The statistical analysis methods used are parametric, i.e. their use is possible only when the
characteristic is expressed as a simple number on an approximately linear scale. The results from some
methods, for example the Gray-King coke type, are not so expressed and the methods given here need
to be used only if the data are converted to a parametric scale.
2 Normative references
The following documents are referred to in the text in such a way that some or all of their content
constitutes requirements of this document. For dated references, only the edition cited applies. For
undated references, the latest edition of the referenced document (including any amendments) applies.

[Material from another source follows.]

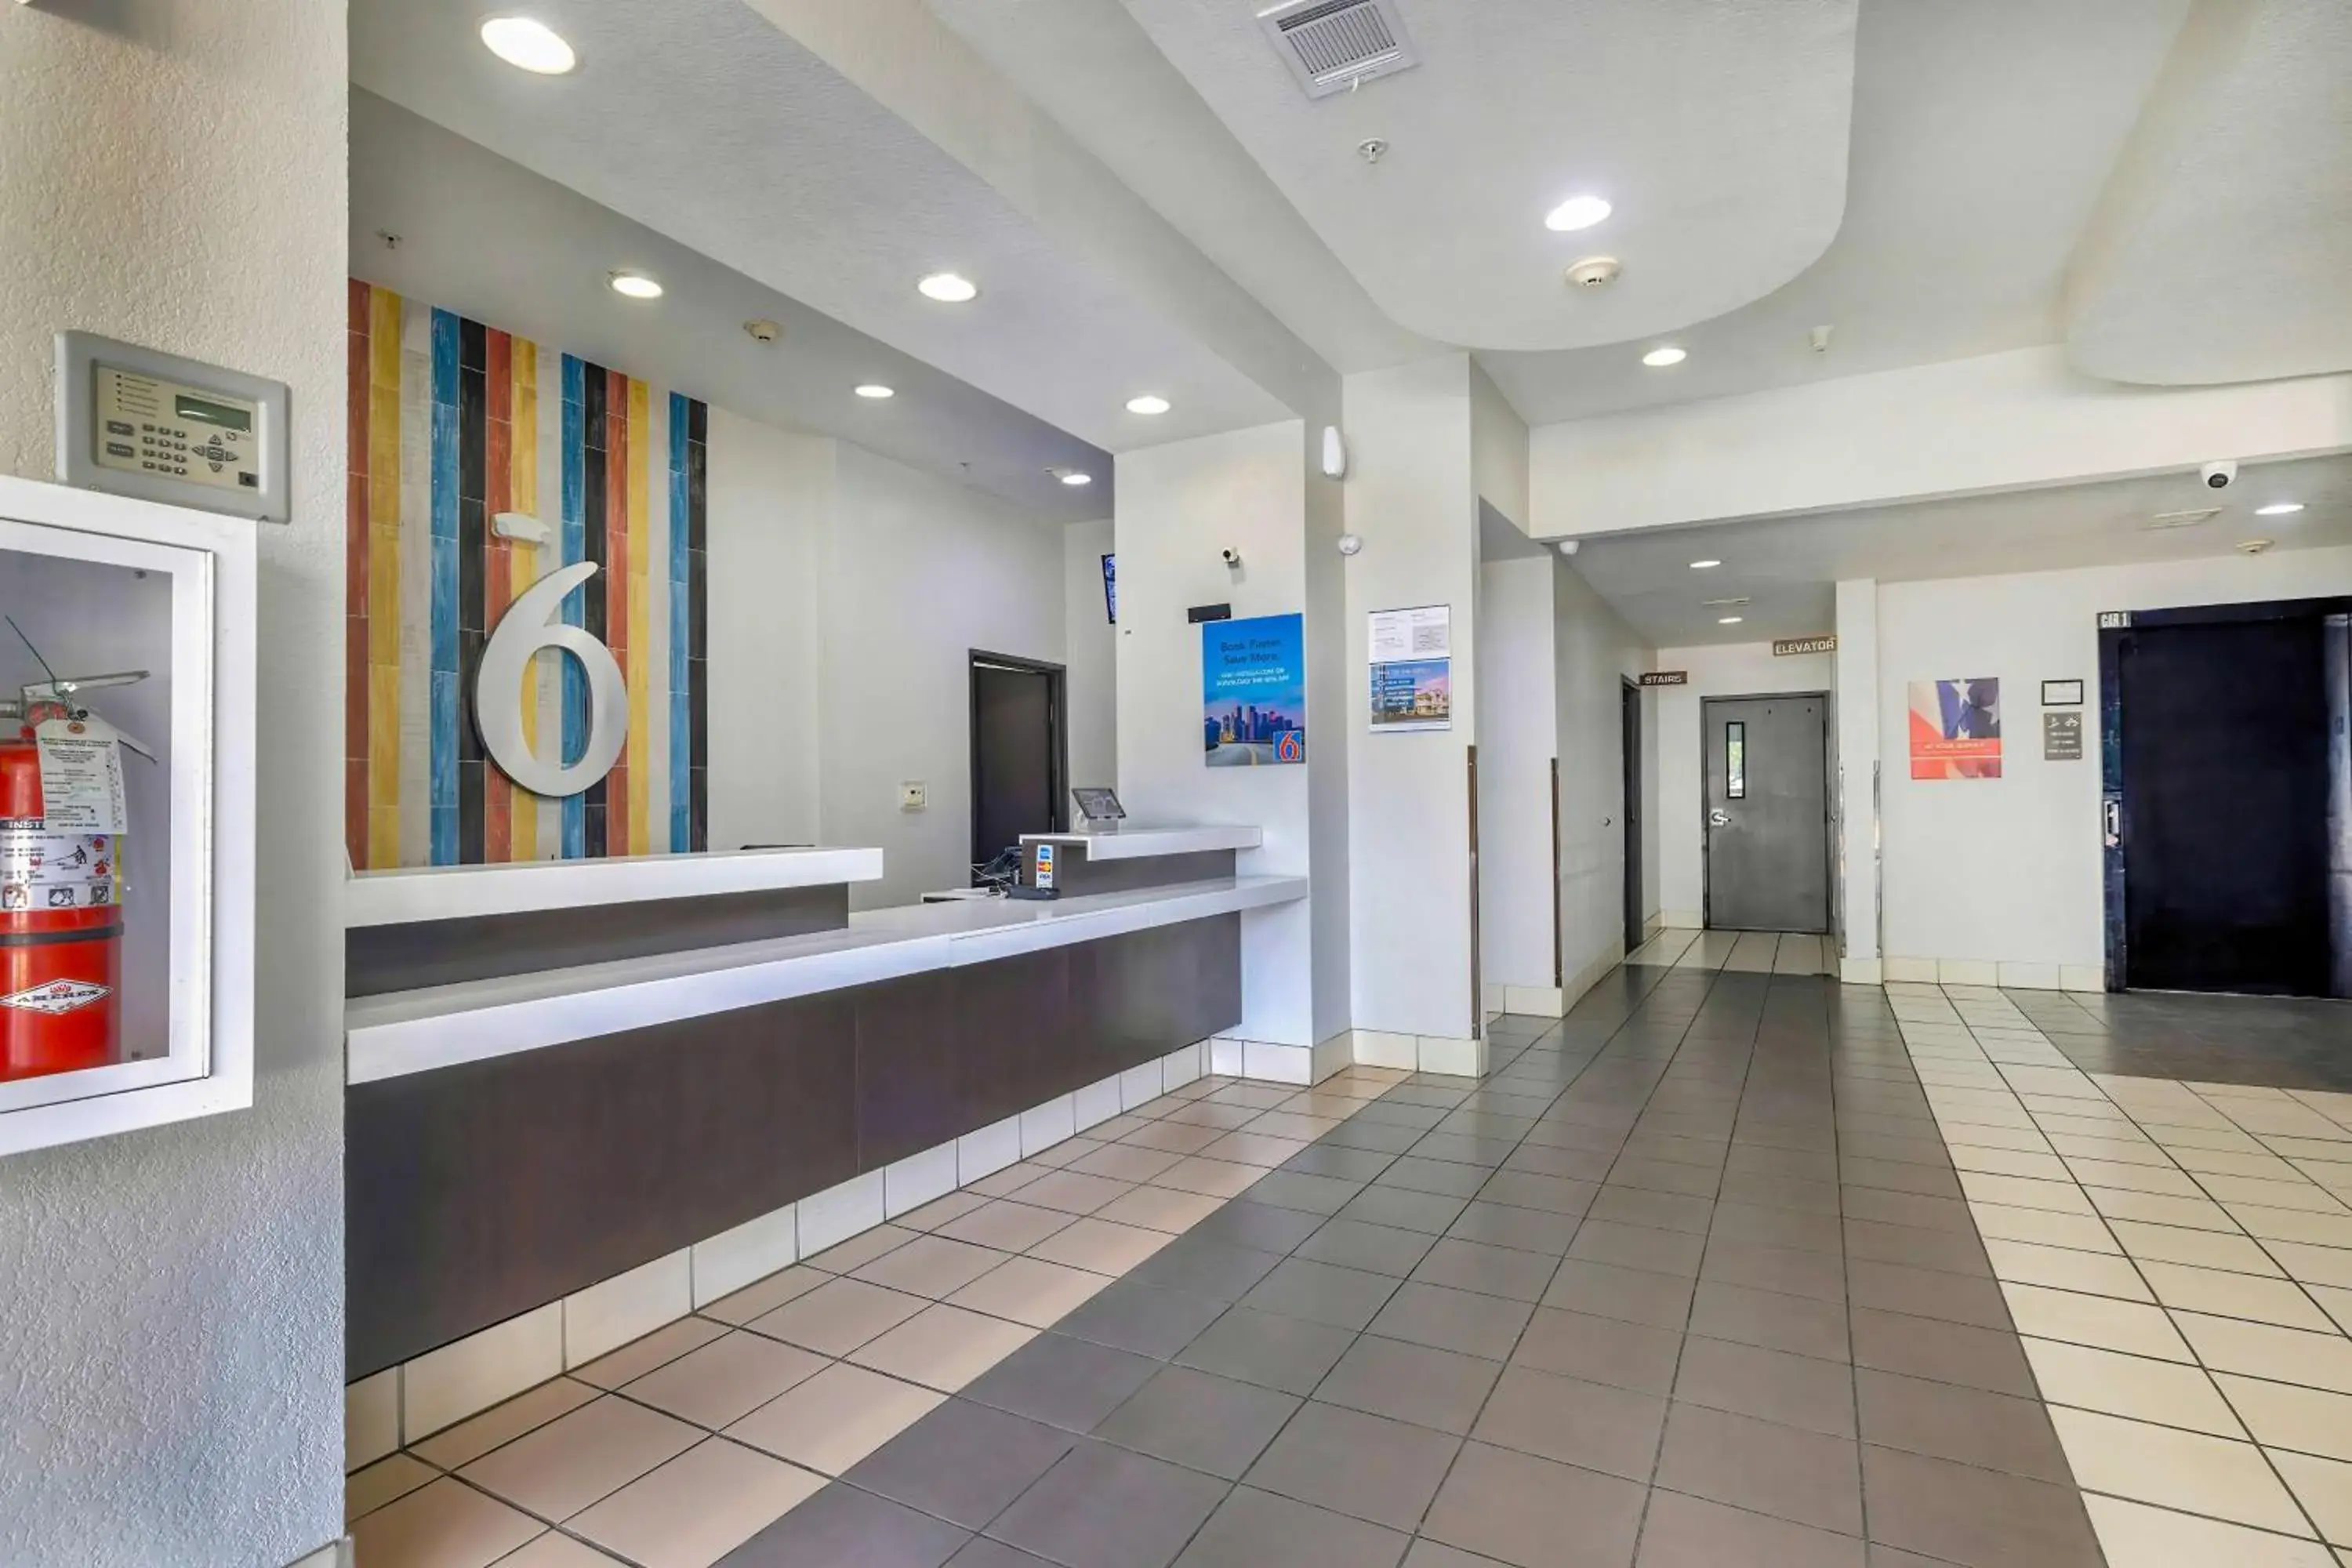 Lobby or reception, Lobby/Reception in Motel 6-Cedar Park, TX

ISO 5725-6:1994, Accuracy (trueness and precision) of measurement methods and results — Part 6: Use in
practice of accuracy values
3 Terms and definitions
For the purposes of this document, the following terms and definitions apply.
ISO and IEC maintain terminological databases for use in standardization at the following addresses:
— ISO Online browsing platform: available at https://www.iso.org/obp
— IEC Electropedia: available at http://www.electropedia.org/
3.1
accuracy
closeness of agreement between a test result and the acceptable reference value
Note 1 to entry: The term accuracy, when applied to a set of results, describes a combination of random
components and a common systematic error or bias component.
3.2
bias
difference between the expectation of the test results and an accepted reference value
Note 1 to entry: Bias is a systematic error as contrasted to random error. There may be one or more systematic
error components contributing to the bias. A larger systematic difference from the accepted reference value is
reflected by a larger bias value.
3.3
precision
closeness of agreement between independent test results obtained under prescribed conditions
Note 1 to entry: Precision depends only on distribution of random errors and does not relate to the accepted
reference value.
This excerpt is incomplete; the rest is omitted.